I appreciate the authors response, and the new experiments testing Odyssey for smaller LLMs. I will increase my "contribution" score for the paper.
Thanks for your positive support. Have a nice day :)
We sincerely appreciate your positive feedback on Odyssey, particularly highlighting its valuable contribution to the community. We have carefully revised the manuscript according to your valuable suggestions. Below we address the main points raised in the review.
W1. The proposed framework has limited novelty. Decomposing complex decision-making tasks with hand-engineered skill libraries has a very long history in robotics [1,2].
Thanks for your valuable comments. (1) We would like to emphasize that our contribution does not lie in technical novelty. This is why we select "datasets and benchmarks" as the primary area in the OpenReview submission, which is more suited for contributions like ours that offer new datasets, benchmarks, and tools to the research community. We believe that one of our significant contributions is indeed the engineering domain-specific skill library, which represents a meaningful addition to the Minecraft agent community. Developing this library requires significant time and effort in design and debugging, making it a valuable resource for researchers. By leveraging our skill library, even open-source LLMs can enable open-world exploration within the Minecraft environment.
LLM-based Voyager advances exploration using skill generation but relies on GPT-4, incurring substantial costs (reaching thousands of dollars per experiment). This expense can be prohibitive for many researchers. On the contrary, our agent can call upon the proposed skill library, achieving performance comparable to Voyager with GPT-4, but using only 8B LLMs.
(2) The skill library is not the only contribution of our work. The proposed Odyssey consists of three key contributions: (a) a fine-tuned LLaMA-3 model trained on a large-scale question-answering dataset; (b) an interactive agent equipped with an open-world skill library; (c) a new agent capability benchmark encompassing a variety of tasks. We have open-sourced all parts of ODYSSEY (see supplementary material) and will continuously update the repository. We hope this will enable other researchers to build upon our work, fostering further innovation and progress in the development of autonomous agents.
W2. The Odyssey framework is designed specifically for Minecraft. Agentic performance is significantly boosted through the careful design of useful, hand-engineered low-level skills. As a result, it is unclear to what extent good LM performance on Minecraft with Odyssey would transfer to other, more practical open-world environments like Web navigation.
Thanks for your insightful comments. We have provided a discussion on migrating Odyssey to other domains in the revision (Page 16, Appendix B), as follows:
Discussion on Migrating Odyssey to Other Domains
The skill library designed for Minecraft is built with modularity and generalizability in mind, allowing for potential adaptation to other domains such as web navigation [3, 4], robot manipulation [1, 2, 5, 6], robot navigation [7, 8], and other game-playing environments [9]. These skills abstract underlying actions and focus on high-level interactions, allowing them to be adapted to different environments by redefining low-level actions without changing the overall structure of the skill library. Even without direct API access, basic action spaces (e.g., keyboard and mouse operations in games, or movement operations in robotics) can be employed to construct primitive skills. Prior research in robotic manipulation, including CaP [5] and ProgPrompt [6], demonstrates how primitive skills such as picking and placing objects or opening containers can be built from basic actions. Moreover, we believe that the concept of "skills" should extend beyond code APIs to include knowledge from various sources. For example, handbooks can provide informational segments treated as skills, retrievable by LLMs using techniques like retrieval-augmented generation [10], enhancing decision-making.

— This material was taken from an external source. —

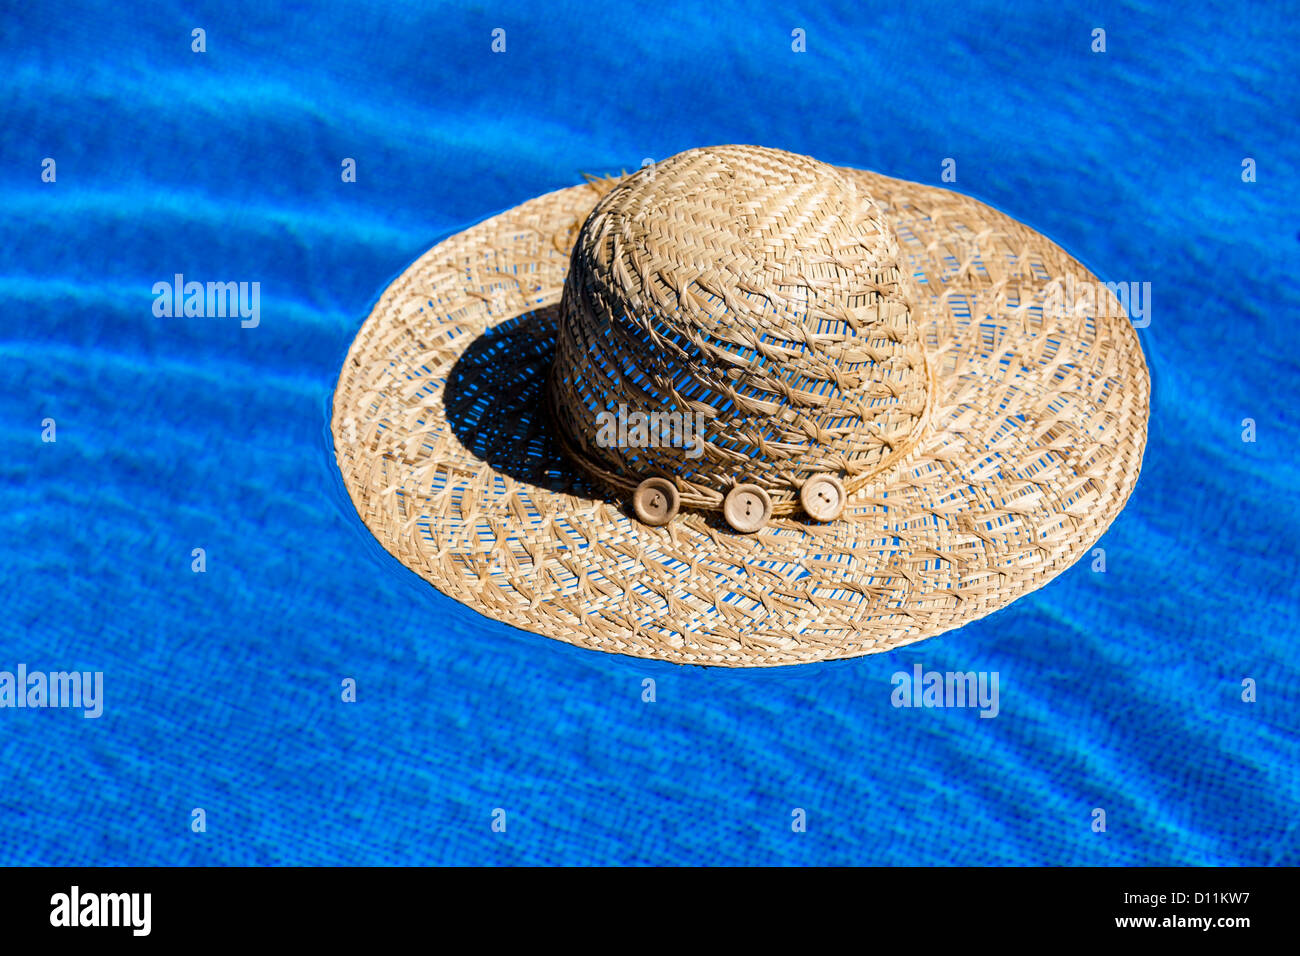 https://c8.alamy.com/comp/D11KW7/austria-linz-sun-hat-floating-in-swimming-pool-D11KW7.jpg
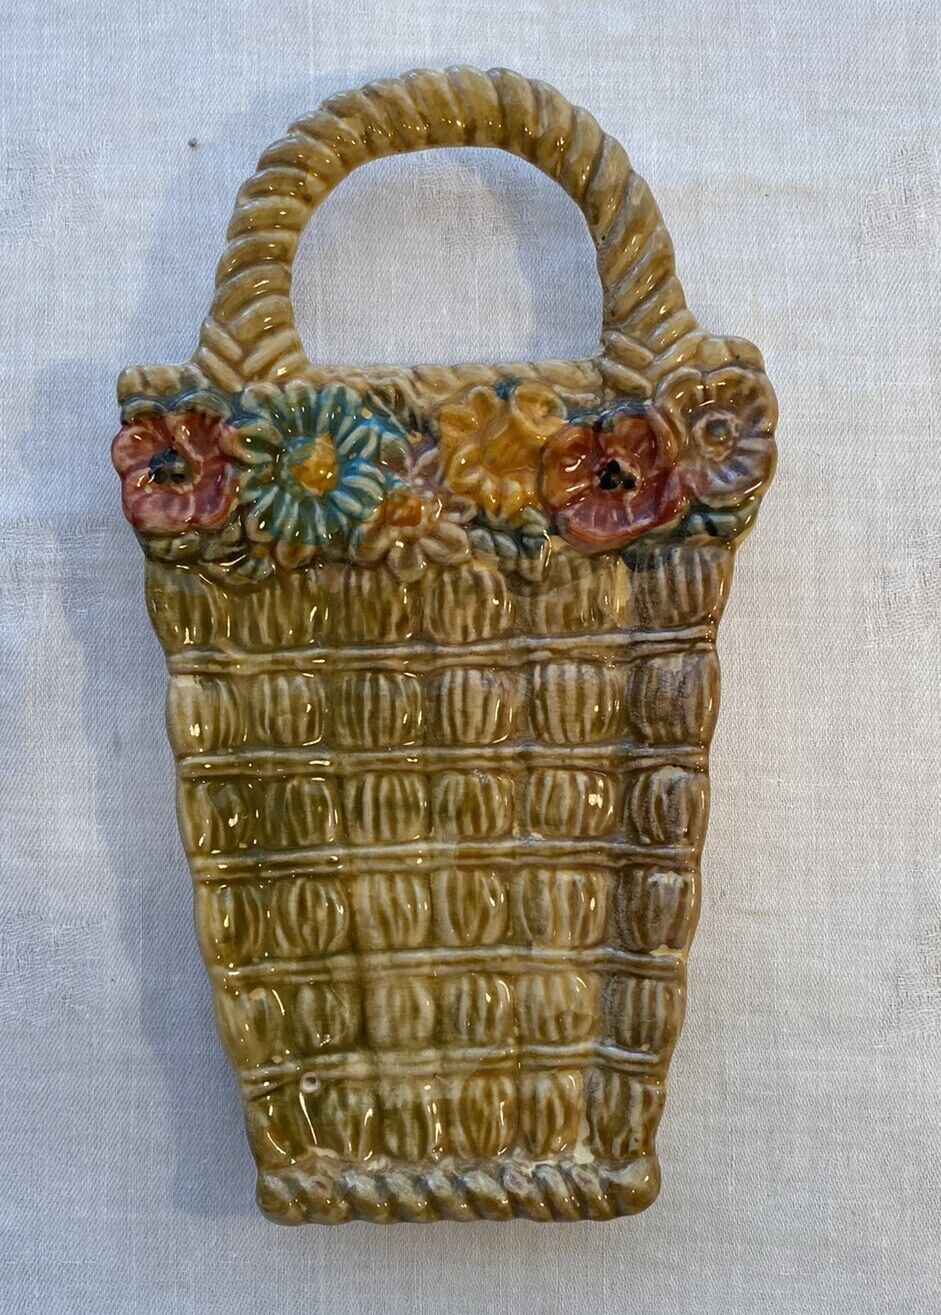 Vintage Italian Pottery Flower Basket Spoon Rest Ceramic Hanging Wall Plate

To fine-tune the LLaMA-3 model for the Minecraft agent, we crawled the Minecraft Wiki and used a GPT-assisted approach to generate an instruction dataset. Researchers in other domains can replicate this process to create their own instruction datasets. To facilitate this, we have open-sourced our Minecraft Wiki crawler on Github, which can be easily modified to crawl similar Wiki websites for other domains. Additionally, our benchmark tasks evaluate agent performance from three perspectives: long-term planning, dynamic-immediate planning, and autonomous exploration. These dimensions effectively assess the capabilities of open-world autonomous agents. Researchers in other domains can adopt these perspectives to design comprehensive evaluation tasks for their needs.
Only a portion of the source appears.